In fact many nice people I myself have talked to about my own ideas 
immediately suggest that I should obviously patent them: it takes a 
long time to explain to them why this would not actually further my 
goals at all, and it is difficult for them to understand my explanation 
because the problem is rather too subtle for people who have not already 
been thinking along these lines for a while.


However all this does not affect the problem that this patent acts as a 
brick in the general structural evil in our world today: anyone who is 
trying to create a programming language environment that is accessible 
to people who use right-to-left languages is now between a rock and a 
hard place when it comes to implementing UAX #9, the standard Unicode 
algorithm for implementing the Unicode semantics of bidirectional text.

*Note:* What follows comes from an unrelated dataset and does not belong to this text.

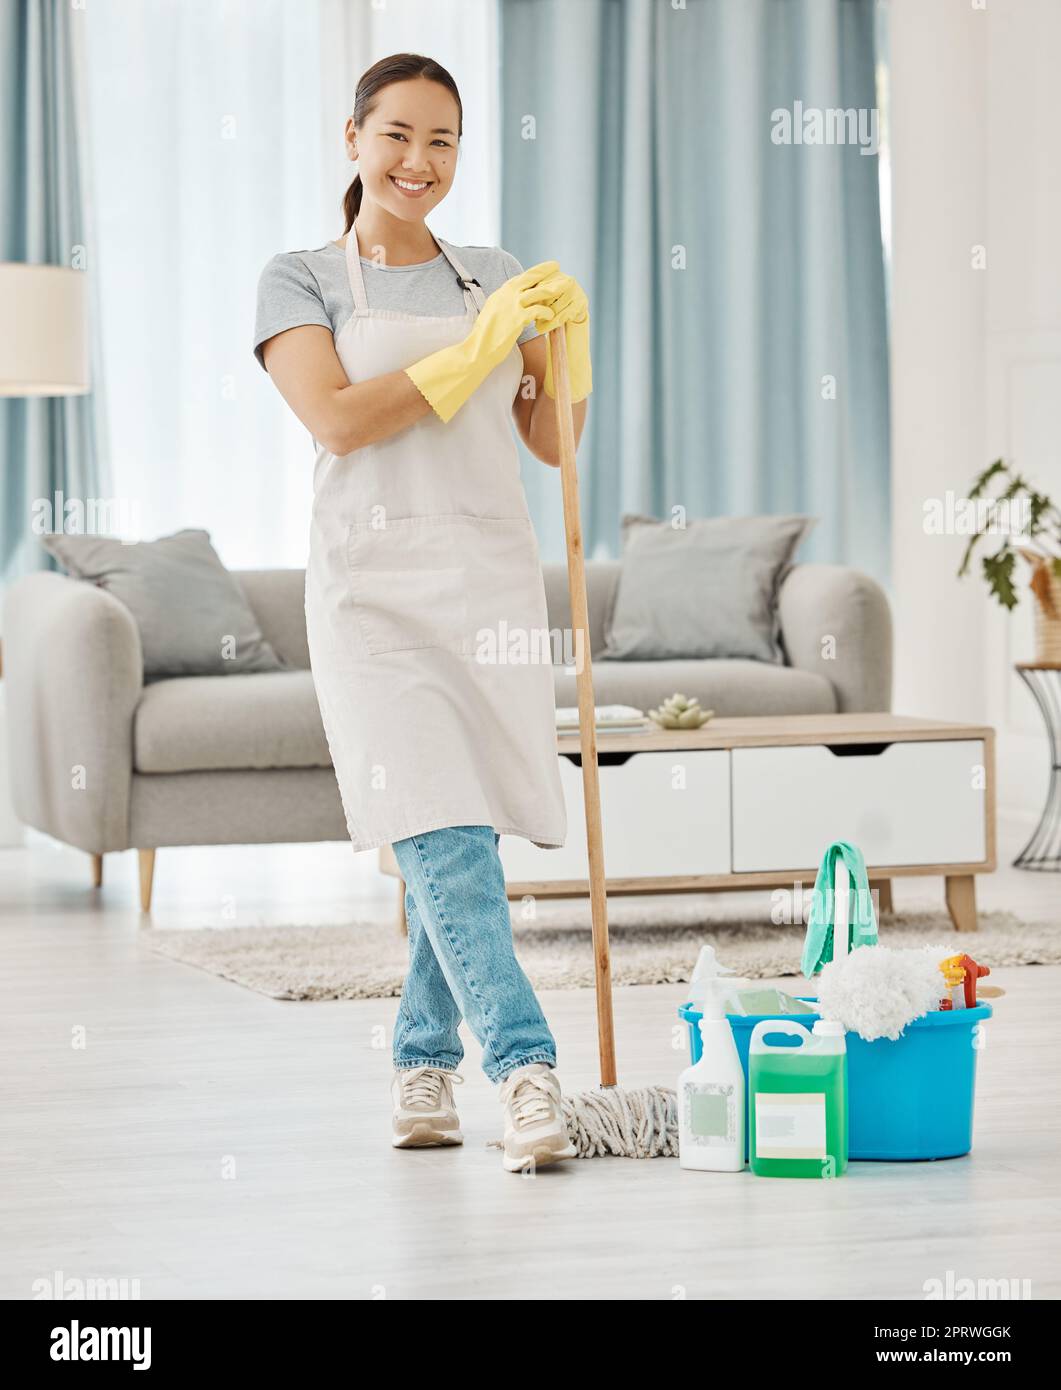 Nettoyage du sol, travail à la maison et femme travaillant à la maison nettoyage salle de séjour, faisant le travail avec le sourire et heureux de nettoyer appartement de maison. Portrait d'un ménage asiatique ou d'une femme de ménage Banque D'Images

In this particular case, I expect (but I'm not a lawyer so please don't 
take this as solid advice: it's just a hope) that a workaround for 
Haskell programmers would be to discard their natural desire to use a 
functional approach and instead just implement UAX #9 verbatim using the 
ST monad. (The patent also tries to extend itself to other functional 
languages so caution is needed all round.)


But although the above workaround *might* be legal in this particular 
instance it seems to me that as programmers we must not just let our 
craft be dominated by the psychopathic tendencies of certain elements in 
society that work hard to try to squash the ``normals'' into a life of 
brutal misery while they rampage ruthlessly about with a biological 
inability to experience empathy for other human beings. (www.ponerology.com)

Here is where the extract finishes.